- **TASK INSTRUCTIONS**
Could you print exactly the lines from the one that contains "Tibetan Jasmine (M310-1)" to the end of the data, both ends included, and nothing else? Skip the pictures.

[[ MATERIAL PROVIDED, beginning ]]

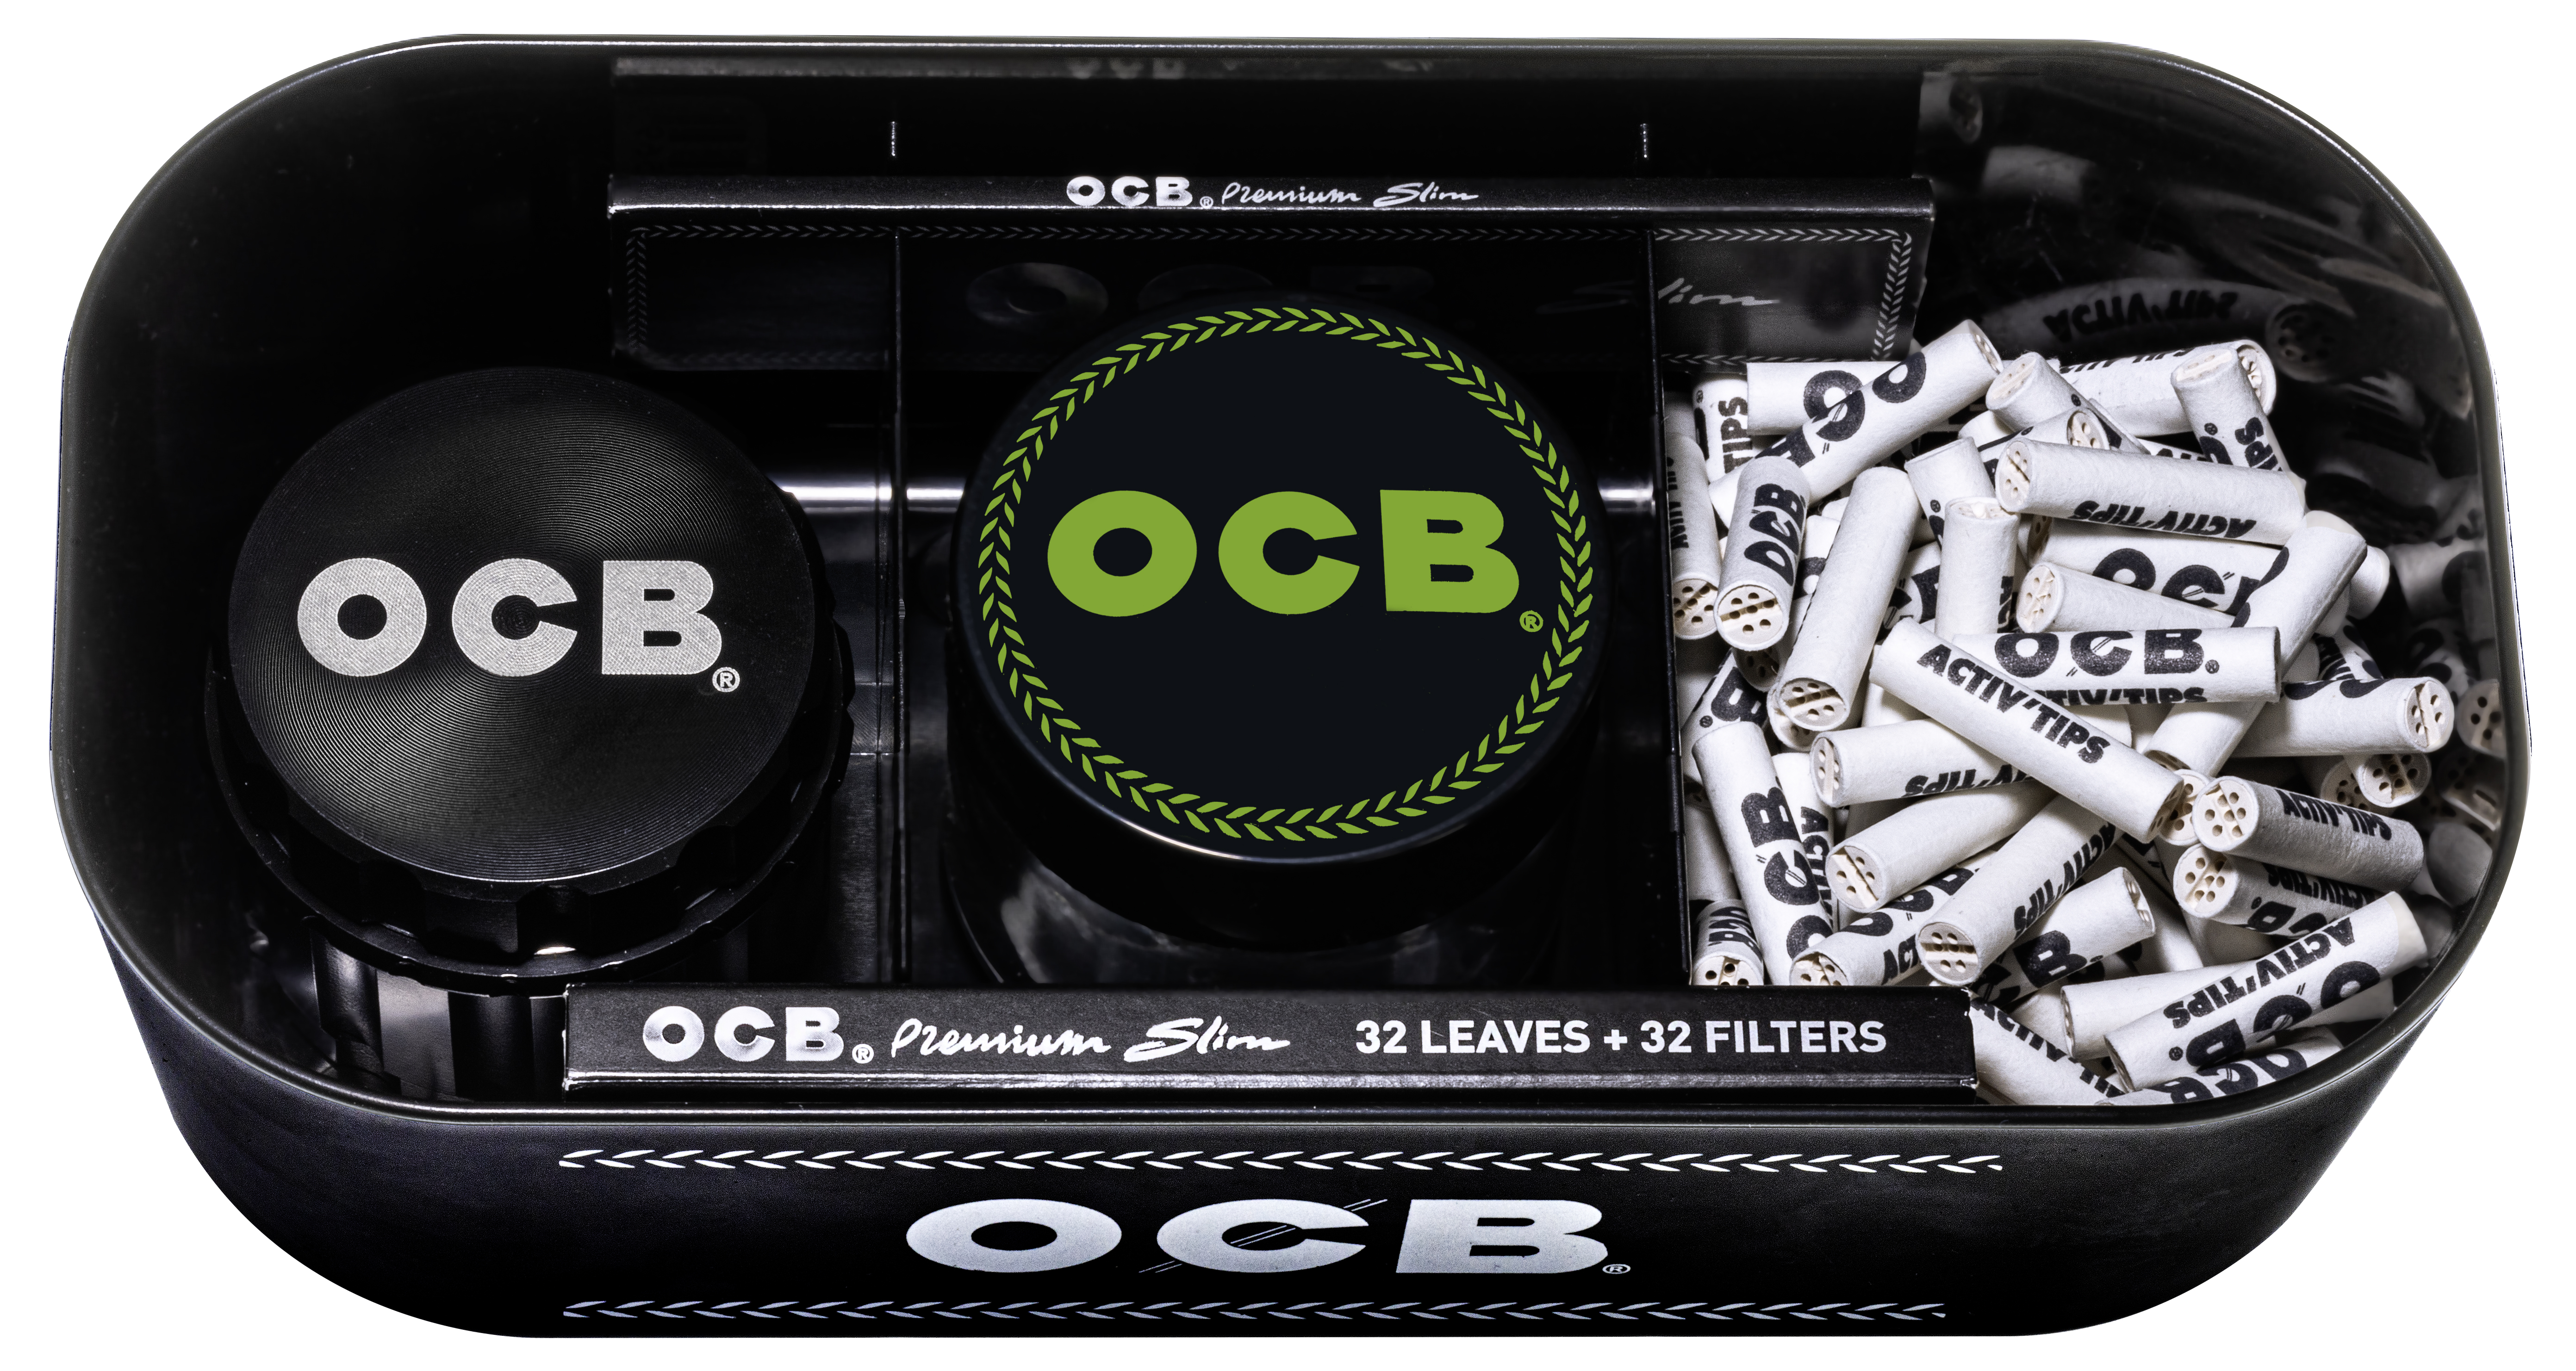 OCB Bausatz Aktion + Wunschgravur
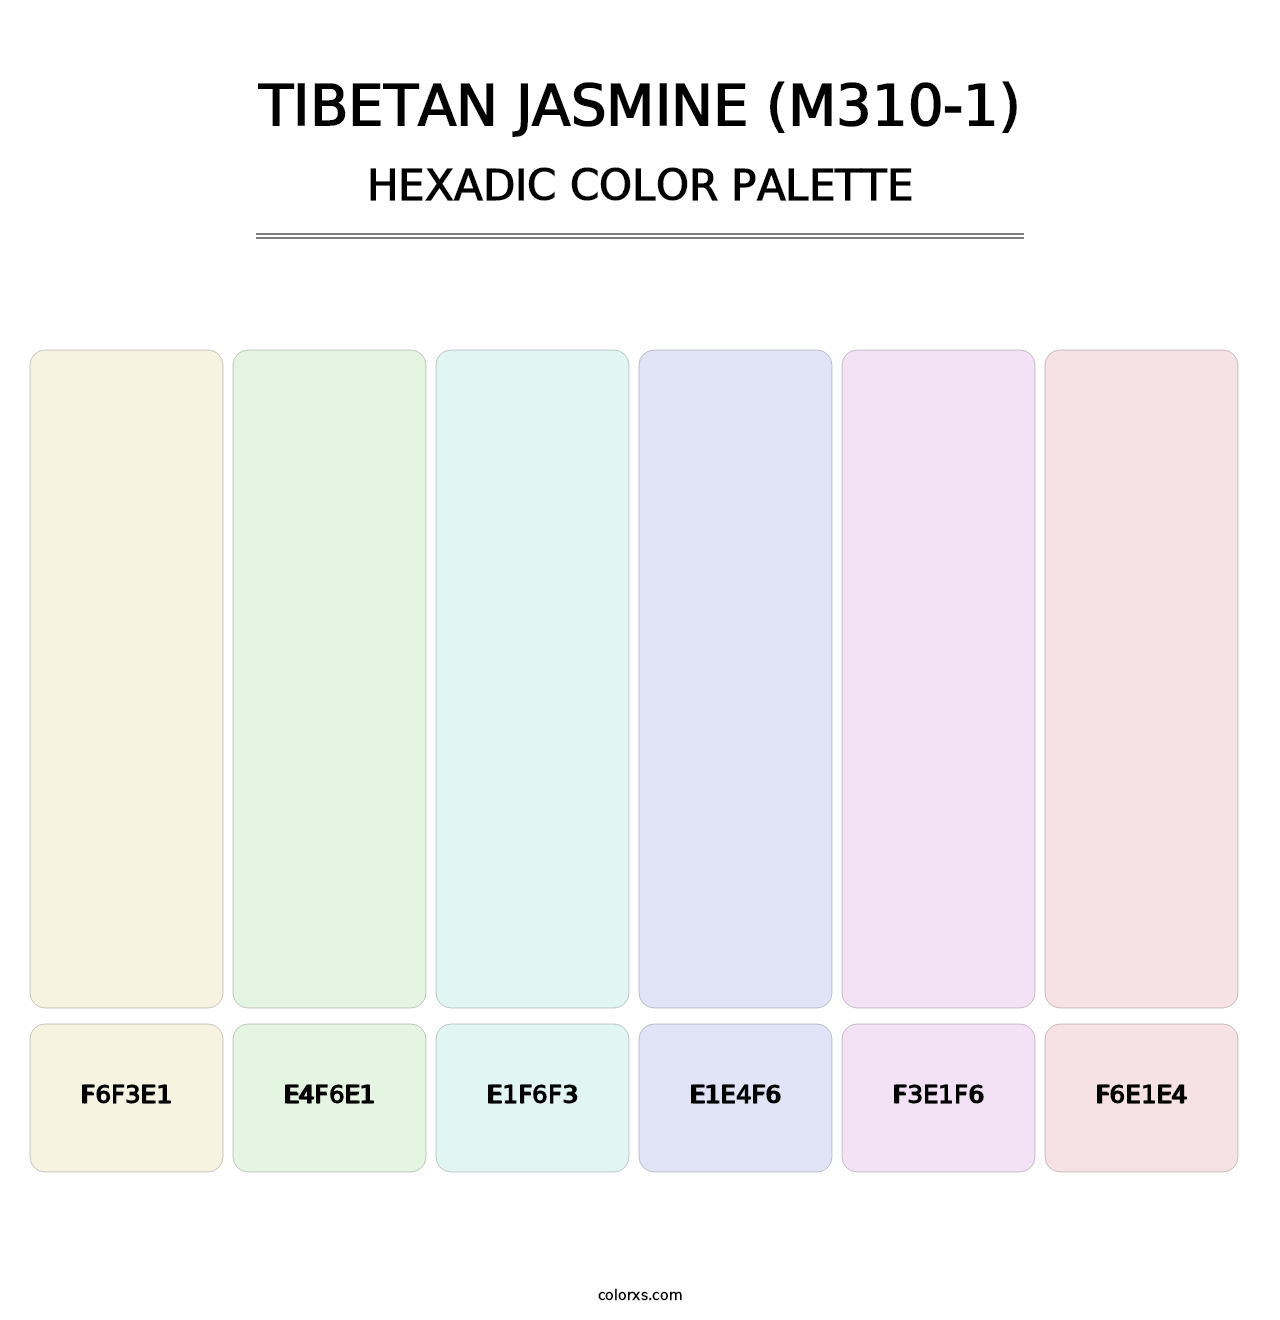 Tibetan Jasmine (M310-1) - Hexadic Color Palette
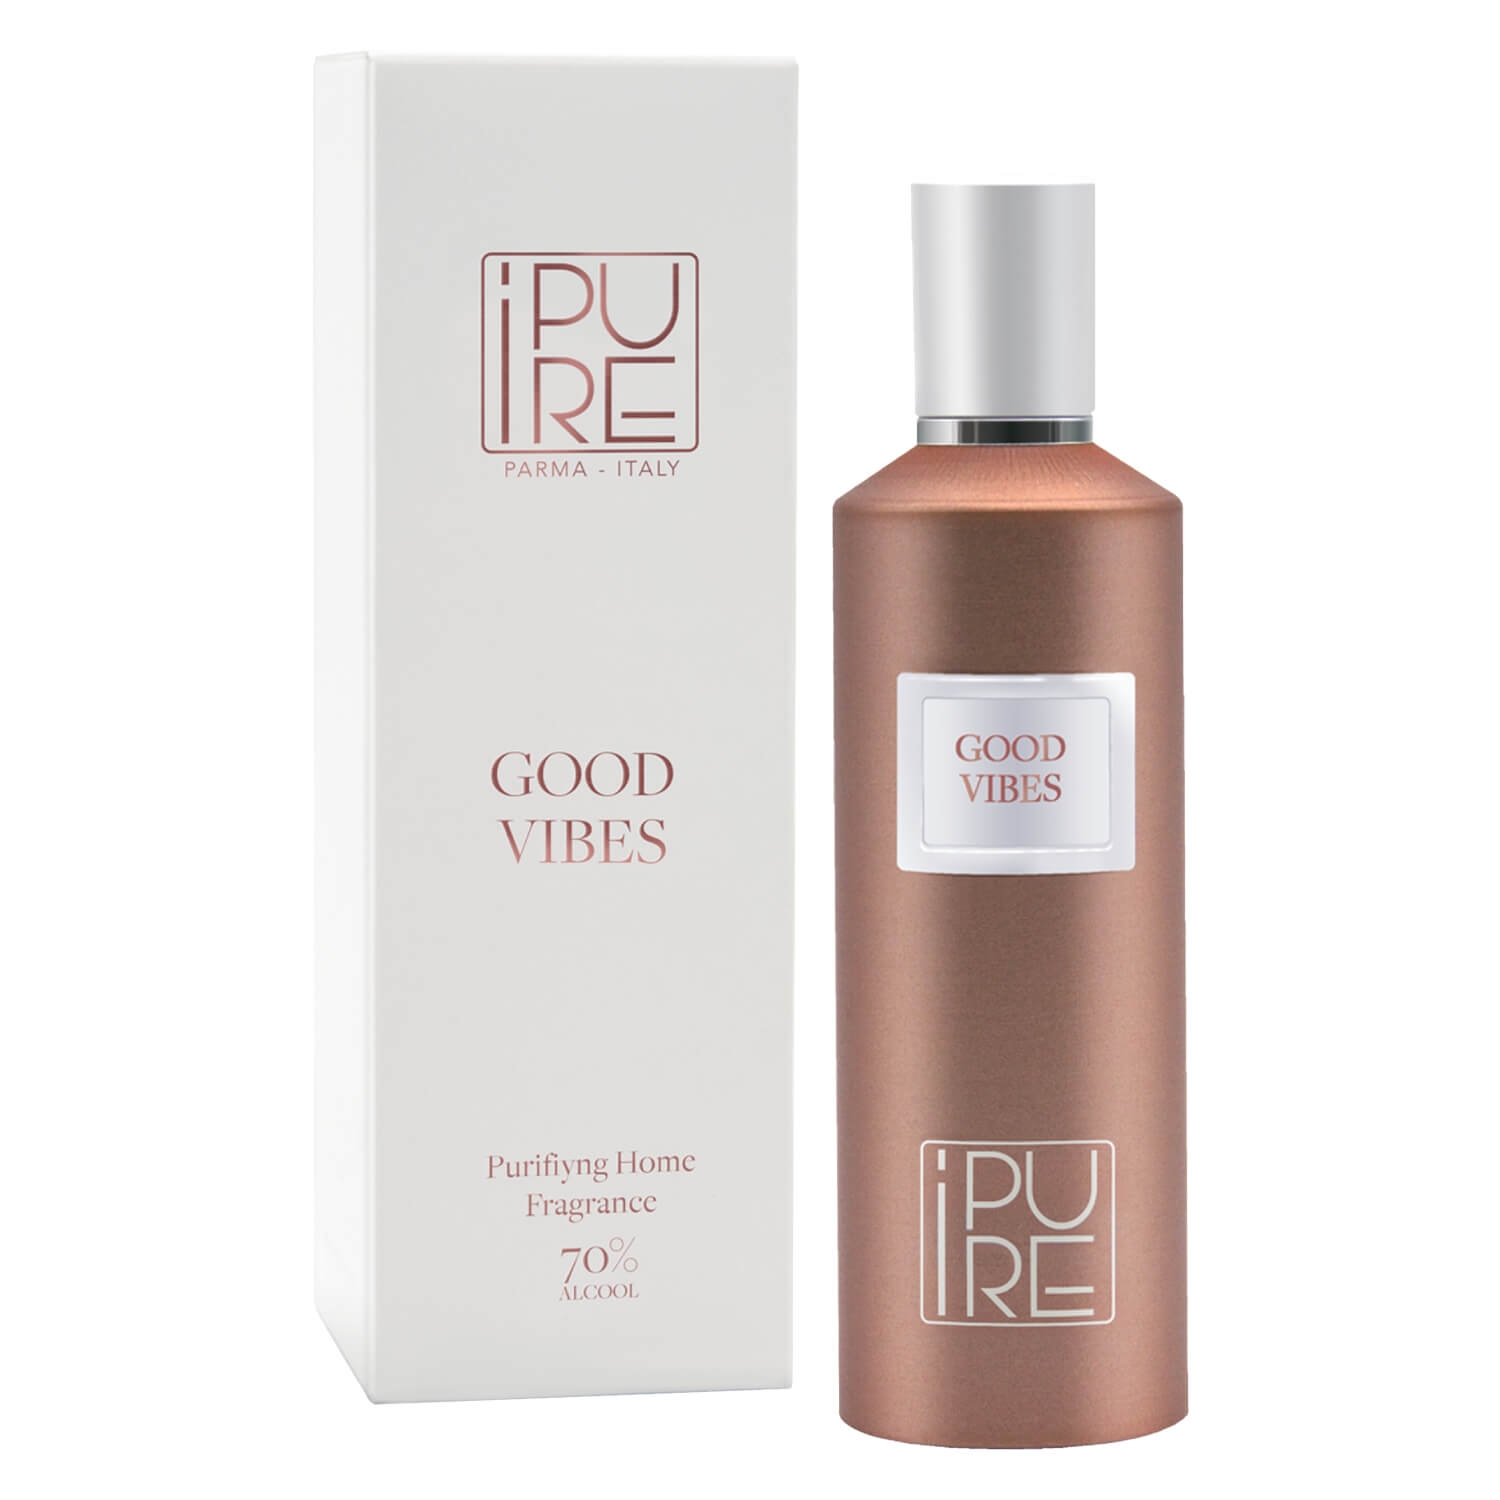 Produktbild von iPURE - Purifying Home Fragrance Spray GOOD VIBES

[[ MATERIAL PROVIDED, end ]]

- **ANSWER AREA**
 Tibetan Jasmine (M310-1) - Hexadic Color Palette
 Produktbild von iPURE - Purifying Home Fragrance Spray GOOD VIBES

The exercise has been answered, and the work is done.